A New Age of Science | The Industrial Society

The telegraph, the submarine cable, the telephone, the massive railroad bridges and tunnels, and the high-speed printing press not only improved communications but also demonstrated the practical utility of science.

Chemistry and physics were especially important. The study of thermodynamics was fostered by the steam engine, which used heat to create power and led physicists to study the conservation of energy. The second law of thermodynamics held that all energy was ultimately dissipated; though the total amount of energy in the universe remained constant, the amount useful to human beings was capable of being steadily degraded.

This in turn led to an interest in the conservation of the resources on which energy was based. Scientists who studied electricity and magnetism developed a new body of study, electromagnetism. They maintained that light was a series of waves. Since light waves must move through some medium, not empty space, it was hypothesized that space was filled with a conductor, a substance called ether. Many scientists abandoned the Newtonian concept of light as made up of minute particles.

To other physicists, and also chemists, biologists, and physicians, humanity continued to live in a world of particles—a world of atoms. Atoms of one chemical element combined with those of another to form molecules of some familiar substance, such as hydrogen, oxygen, and water.

But the process of combination raised some important questions. For example, the volume of hydrogen in water was twice that of oxygen, as indicated by the familiar formula H2O; but experiments showed that the weight of the oxygen was eight times that of the hydrogen.

It seemed evident, therefore, that an atom of oxygen must weigh sixteen times more than an atom of hydrogen. To establish a standard table of atomic weights, an international congress of experts met in 1860 in Germany. To understand the interactions of atomic weights, scientists felt, was to approach an understanding of the nature of energy in the universe.

The biological counterpart of the atomic theory was the cell theory: All plant and animal structures are composed of living units known as cells. The medical counterpart was the theory of germs—a great advance over the older belief that disease was in effect a phenomenon of spontaneous corruption.

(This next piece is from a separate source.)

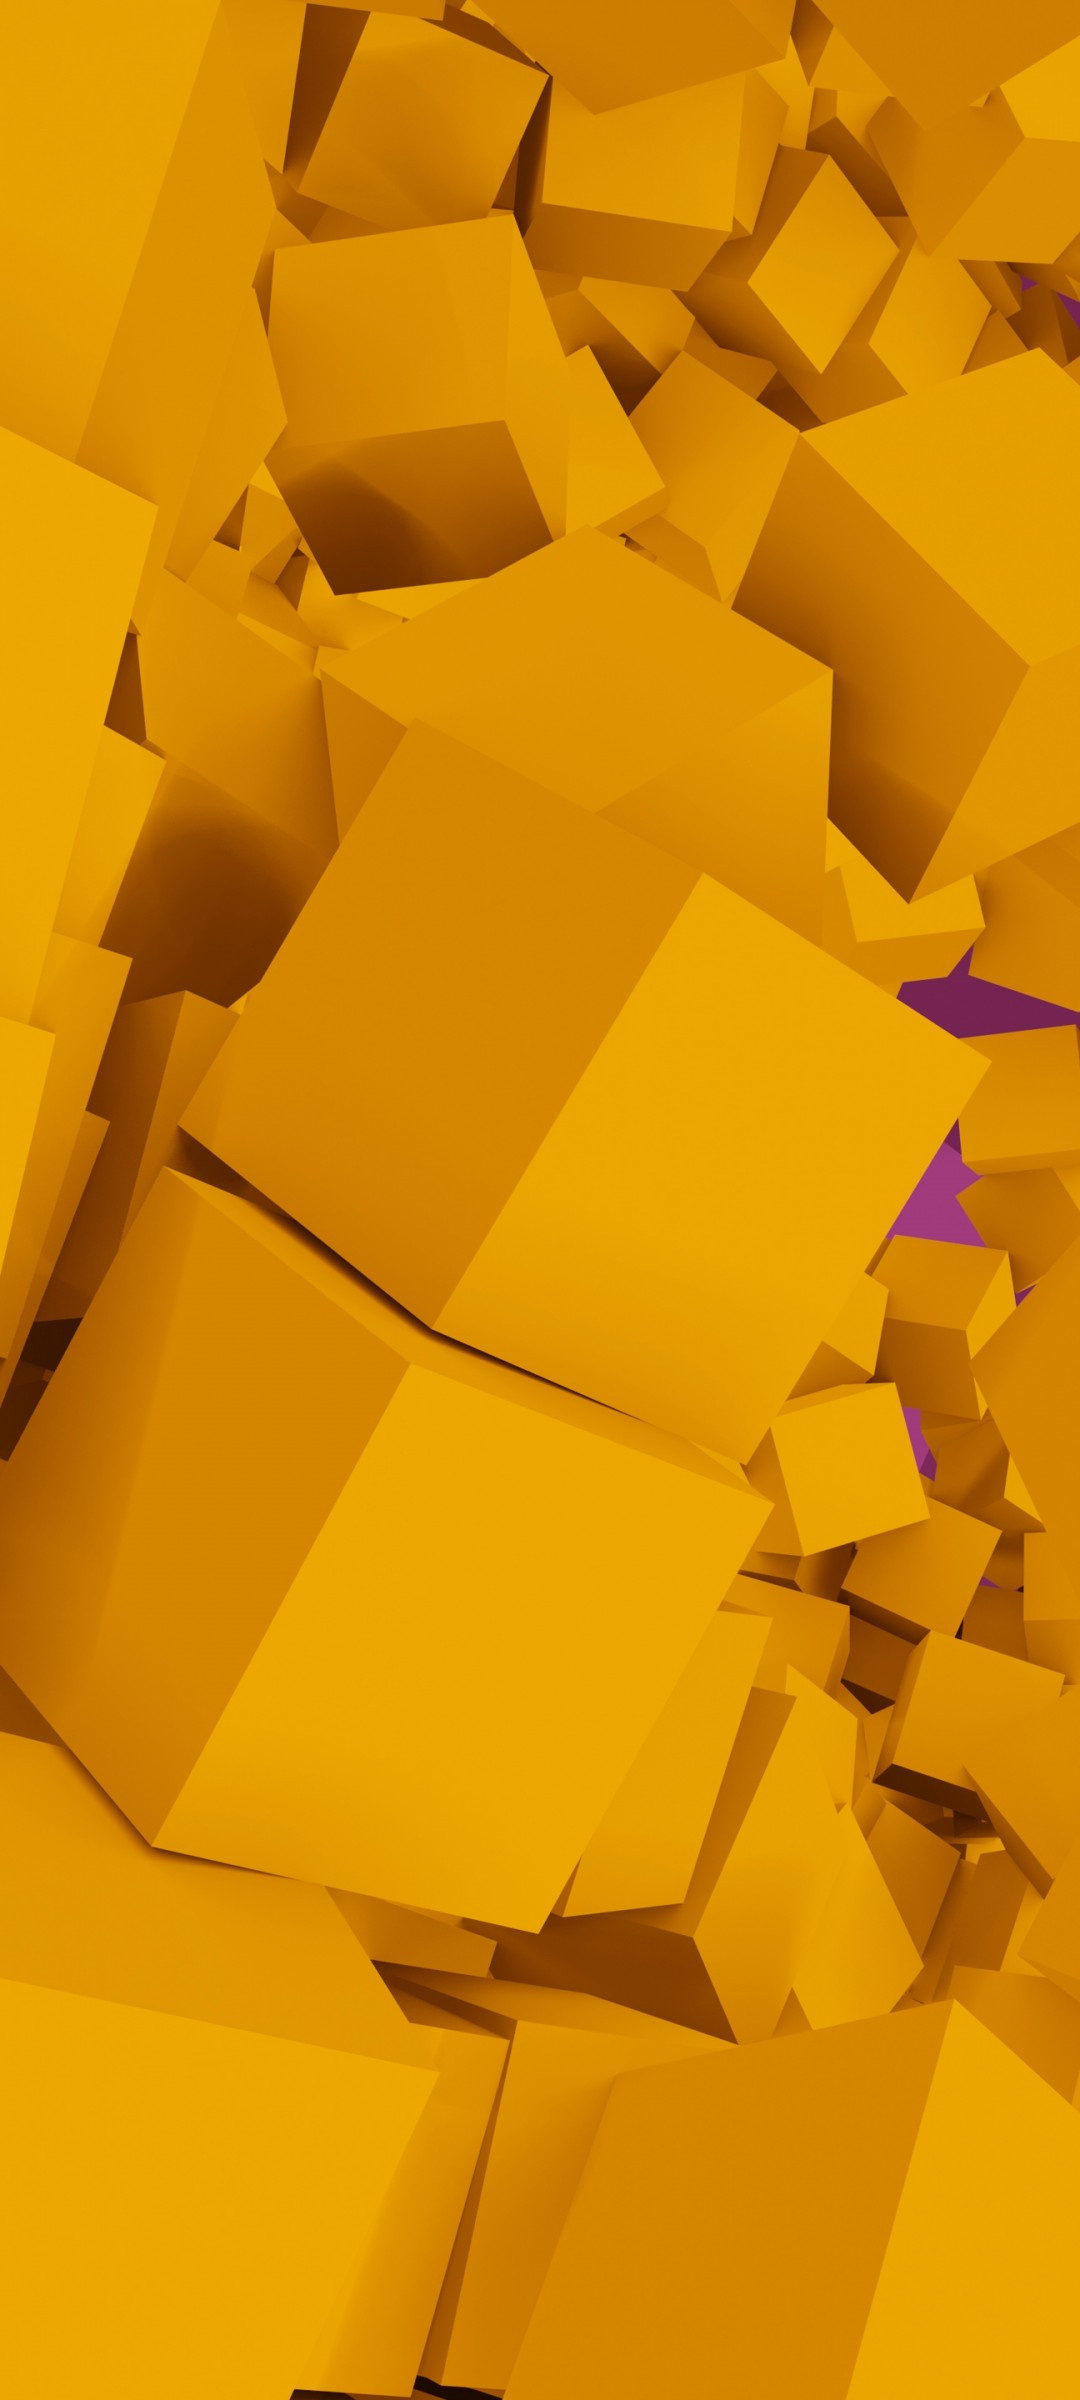 3D objects wallpaper, Yellow cubes design, Geometric shapes inspiration, Technology theme, 1080x2400 HD Handy
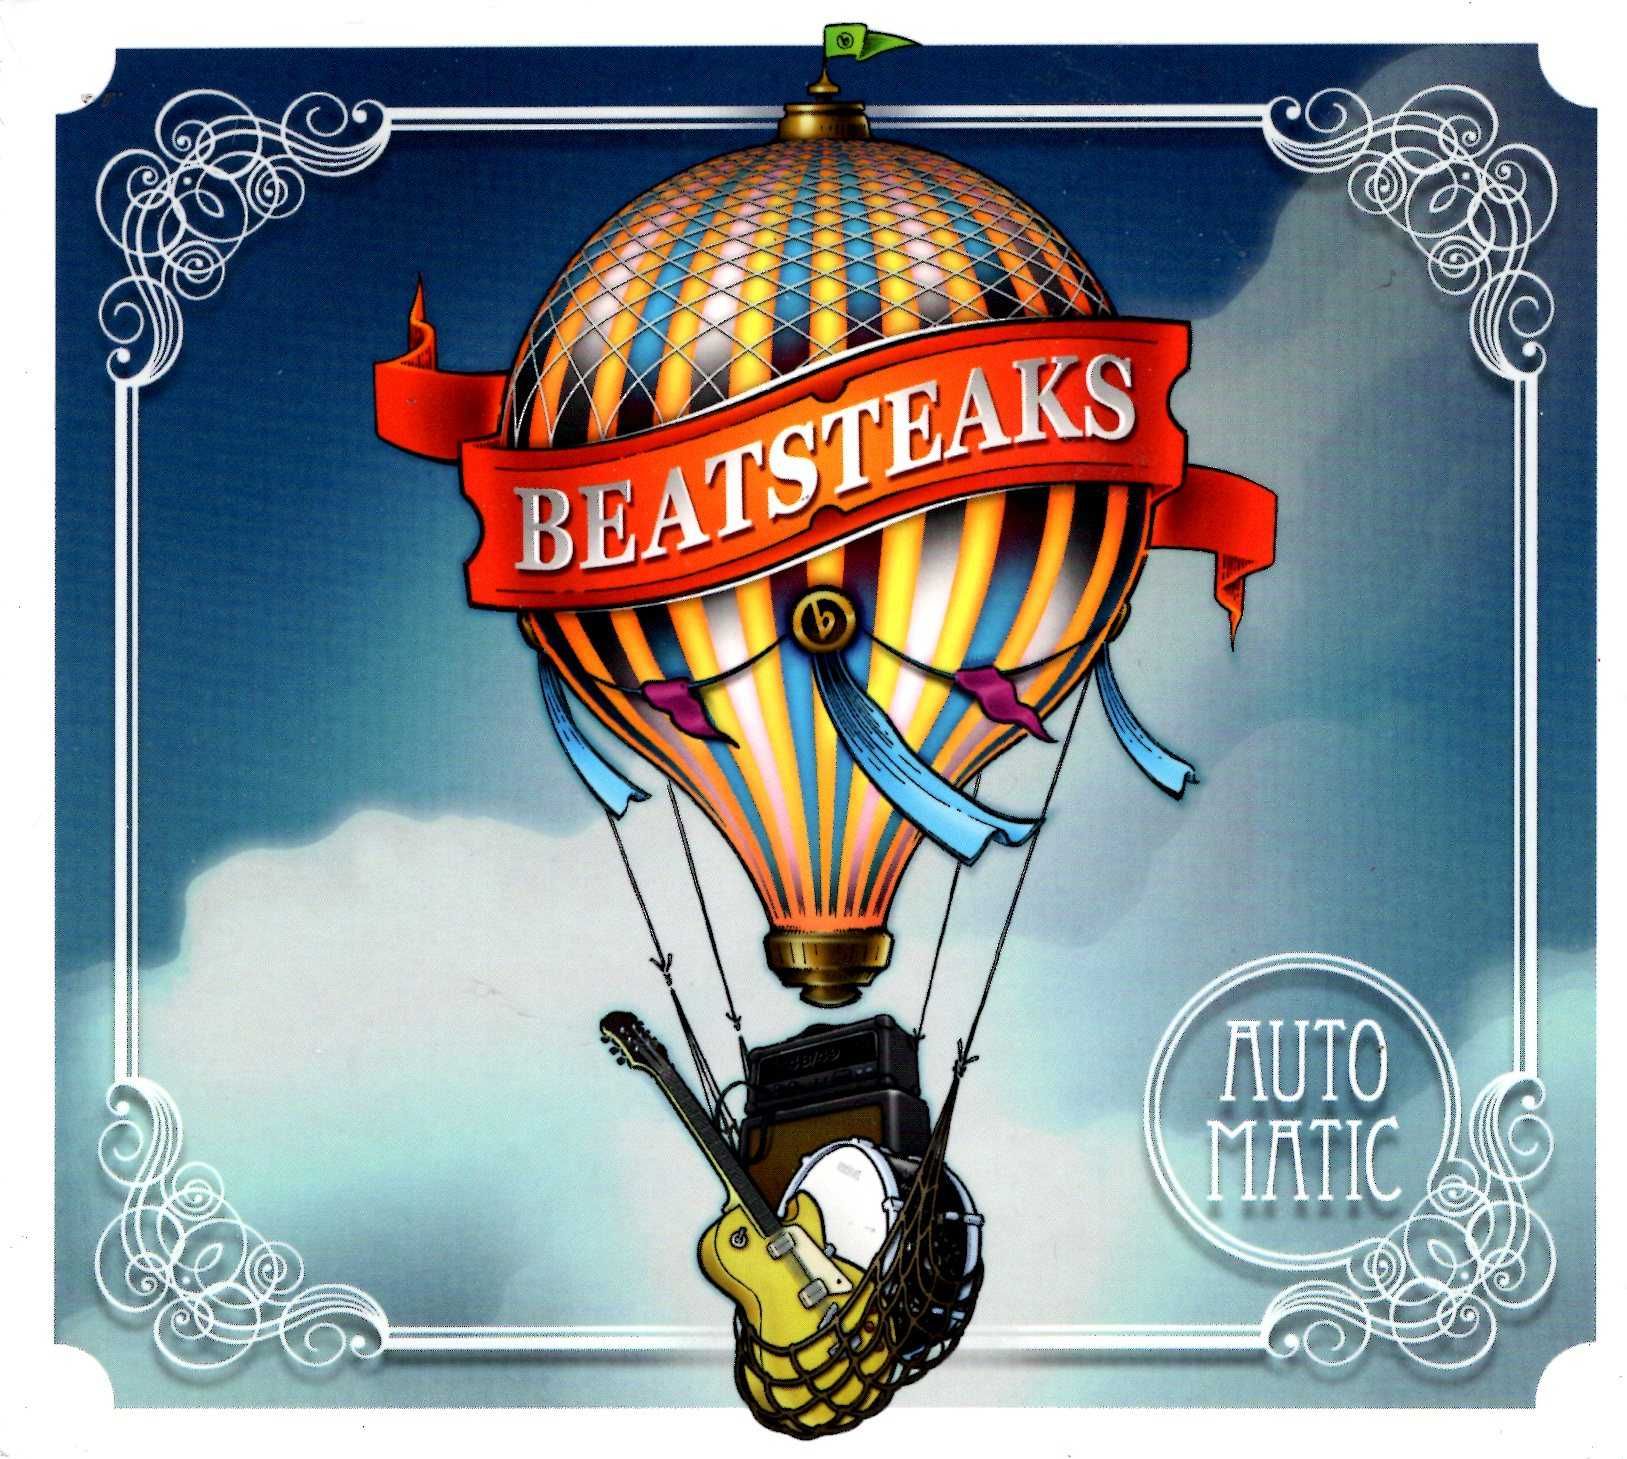 Beatsteaks - Automatic (CD)

Biology, like all other sciences, was international: A German microbiologist discovered the organisms causing tuberculosis and cholera; an American doctor found that the virus responsible for yellow fever was transmitted by a mosquito; in Britain a Quaker physician demonstrated that germs were responsible for the infection of wounds.

In France the chemist Louis Pasteur (1822-1895) became popular when he was credited with the development of a vaccine for inoculating victims of rabies and by devising a process for sterilizing milk. By the twentieth century the average life expectancy in North America and many European countries was to increase by twenty to thirty years.